__PROBLEM TO SOLVE__. When the line containing "Plugable 3.3' USB Cable Black (USBC-C100)" appears in the data below, begin copying there and stop only after the line containing "HP ProLiant DL360".
○ ○ ○ ○ ○
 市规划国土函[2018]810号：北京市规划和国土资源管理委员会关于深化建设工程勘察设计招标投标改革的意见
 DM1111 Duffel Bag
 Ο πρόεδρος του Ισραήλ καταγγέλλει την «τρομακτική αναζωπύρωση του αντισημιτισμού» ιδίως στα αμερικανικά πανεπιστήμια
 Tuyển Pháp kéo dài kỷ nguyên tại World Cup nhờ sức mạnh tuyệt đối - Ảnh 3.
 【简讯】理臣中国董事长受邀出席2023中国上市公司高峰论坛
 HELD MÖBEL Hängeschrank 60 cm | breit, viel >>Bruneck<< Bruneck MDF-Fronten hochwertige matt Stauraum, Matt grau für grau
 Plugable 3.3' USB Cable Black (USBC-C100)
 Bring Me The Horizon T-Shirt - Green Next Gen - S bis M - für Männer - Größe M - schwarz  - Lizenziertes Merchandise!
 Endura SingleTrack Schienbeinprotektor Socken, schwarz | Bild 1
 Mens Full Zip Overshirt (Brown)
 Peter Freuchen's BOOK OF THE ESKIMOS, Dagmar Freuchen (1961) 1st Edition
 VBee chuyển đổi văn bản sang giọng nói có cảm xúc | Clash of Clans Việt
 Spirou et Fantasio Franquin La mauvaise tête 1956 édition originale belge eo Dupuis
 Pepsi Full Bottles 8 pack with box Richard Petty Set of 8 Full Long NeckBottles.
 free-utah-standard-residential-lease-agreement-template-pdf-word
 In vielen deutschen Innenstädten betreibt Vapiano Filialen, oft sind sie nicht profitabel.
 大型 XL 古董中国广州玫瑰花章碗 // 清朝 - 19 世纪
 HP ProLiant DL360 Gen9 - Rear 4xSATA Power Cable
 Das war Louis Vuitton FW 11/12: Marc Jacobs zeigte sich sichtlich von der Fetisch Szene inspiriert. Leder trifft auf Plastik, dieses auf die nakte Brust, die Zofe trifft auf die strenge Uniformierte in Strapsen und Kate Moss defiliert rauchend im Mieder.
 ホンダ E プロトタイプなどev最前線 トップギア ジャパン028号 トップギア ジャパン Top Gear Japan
○ ○ ○ ○ ○
__TASK SOLUTION__.
 Plugable 3.3' USB Cable Black (USBC-C100)
 Bring Me The Horizon T-Shirt - Green Next Gen - S bis M - für Männer - Größe M - schwarz  - Lizenziertes Merchandise!
 Endura SingleTrack Schienbeinprotektor Socken, schwarz | Bild 1
 Mens Full Zip Overshirt (Brown)
 Peter Freuchen's BOOK OF THE ESKIMOS, Dagmar Freuchen (1961) 1st Edition
 VBee chuyển đổi văn bản sang giọng nói có cảm xúc | Clash of Clans Việt
 Spirou et Fantasio Franquin La mauvaise tête 1956 édition originale belge eo Dupuis
 Pepsi Full Bottles 8 pack with box Richard Petty Set of 8 Full Long NeckBottles.
 free-utah-standard-residential-lease-agreement-template-pdf-word
 In vielen deutschen Innenstädten betreibt Vapiano Filialen, oft sind sie nicht profitabel.
 大型 XL 古董中国广州玫瑰花章碗 // 清朝 - 19 世纪
 HP ProLiant DL360 Gen9 - Rear 4xSATA Power Cable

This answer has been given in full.